We can constuct any piecewise constant function by adding together step functions shifted in time. As an example, we can take the function represented below:

[15]:
x = [-1, 0, 0, 1, 1, 2, 2, 3]
y = [0, 0, 1, 1, 2, 2, 0, 0]
[16]:
plt.plot(x, y)
plt.text(0, 0.5, r'$\Delta_1=1$')
plt.text(1, 1.5, r'$\Delta_2=1$')
plt.text(2, 1, r'$\Delta_3=-2$')

plt.text(0, 0.1, r'$D_1=0$')
plt.text(1, 0.1, r'$D_2=1$')
plt.text(2, 0.1, r'$D_3=2$')
[16]:
Text(2,0.1,'$D_3=2$')
../../_images/1_Dynamics_4_First_and_second_order_system_dynamics_Standard_process_inputs_24_1.png

In general piecewise constant functions like the one above can be written as

\[f_c(t) = \sum_{i=1}^{N_d} \Delta_i S(t - D_i)\]

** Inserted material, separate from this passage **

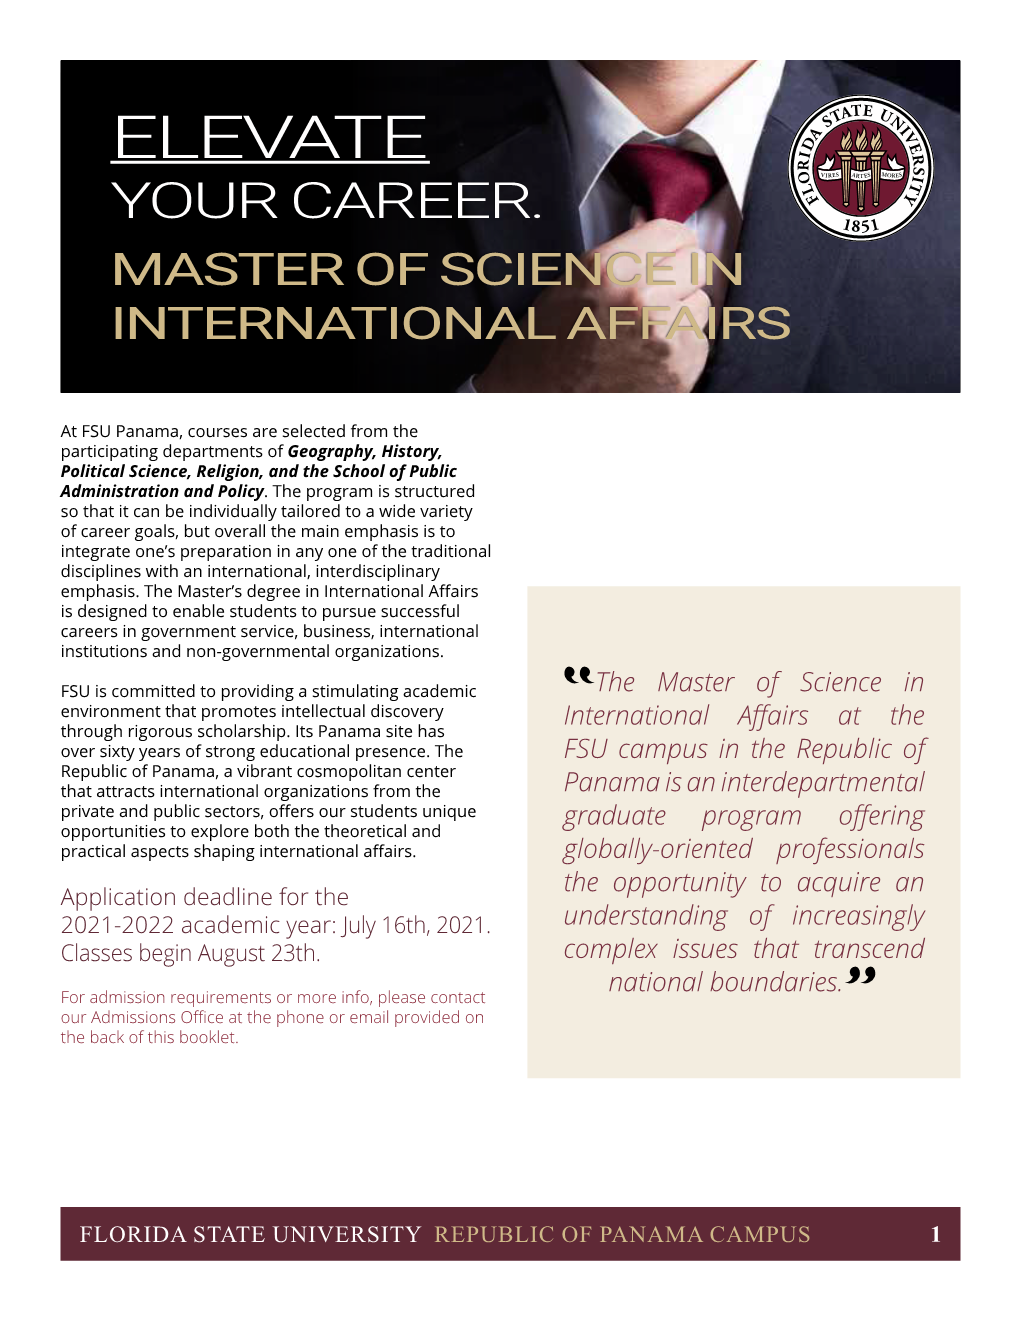 Download Our Master's Informational Brochure
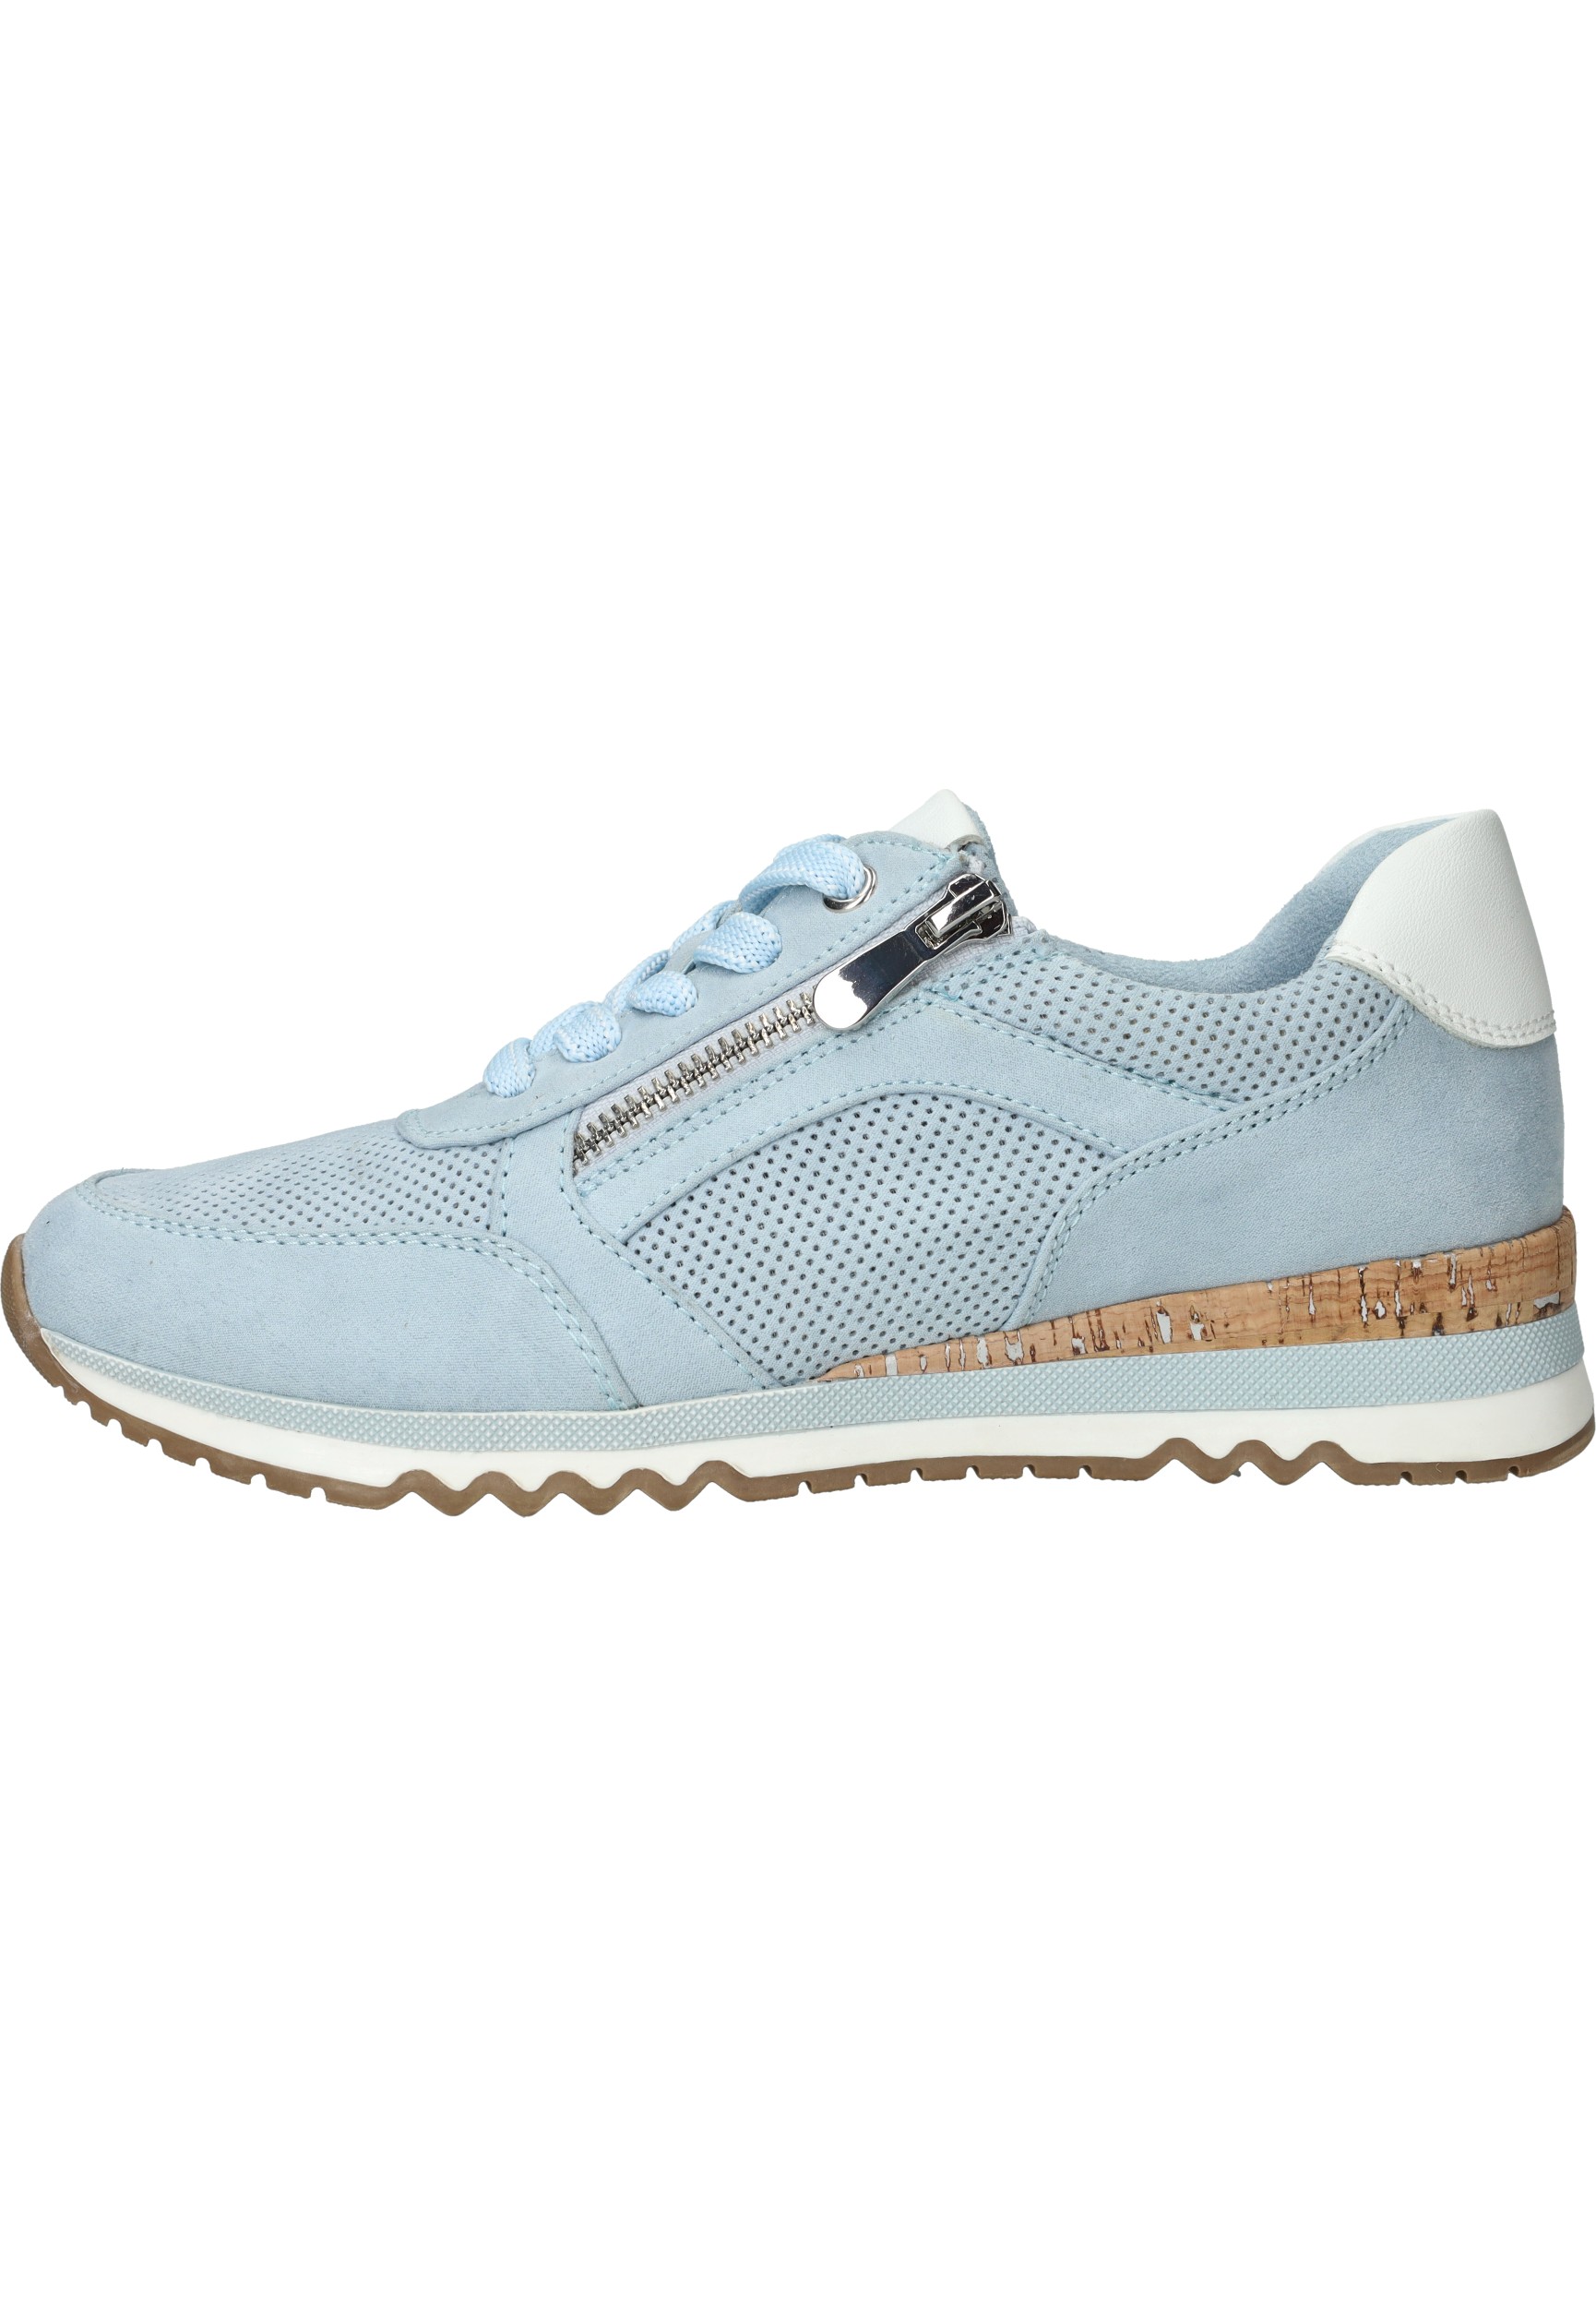 MARCO TOZZI MT Vegan, Soft Lining + Feel Me - removable insole Dames Sneaker - LIGHT BLUE/WHITE - Maat 36

where \(S\) is the unit step. We calculate \(\Delta_i\) as the difference between the values at the discontinuities, positive if the function is rising and negative if it is falling. \(D_i\) is the time at which the value changes and \(N_d\) is the number of discontinuities.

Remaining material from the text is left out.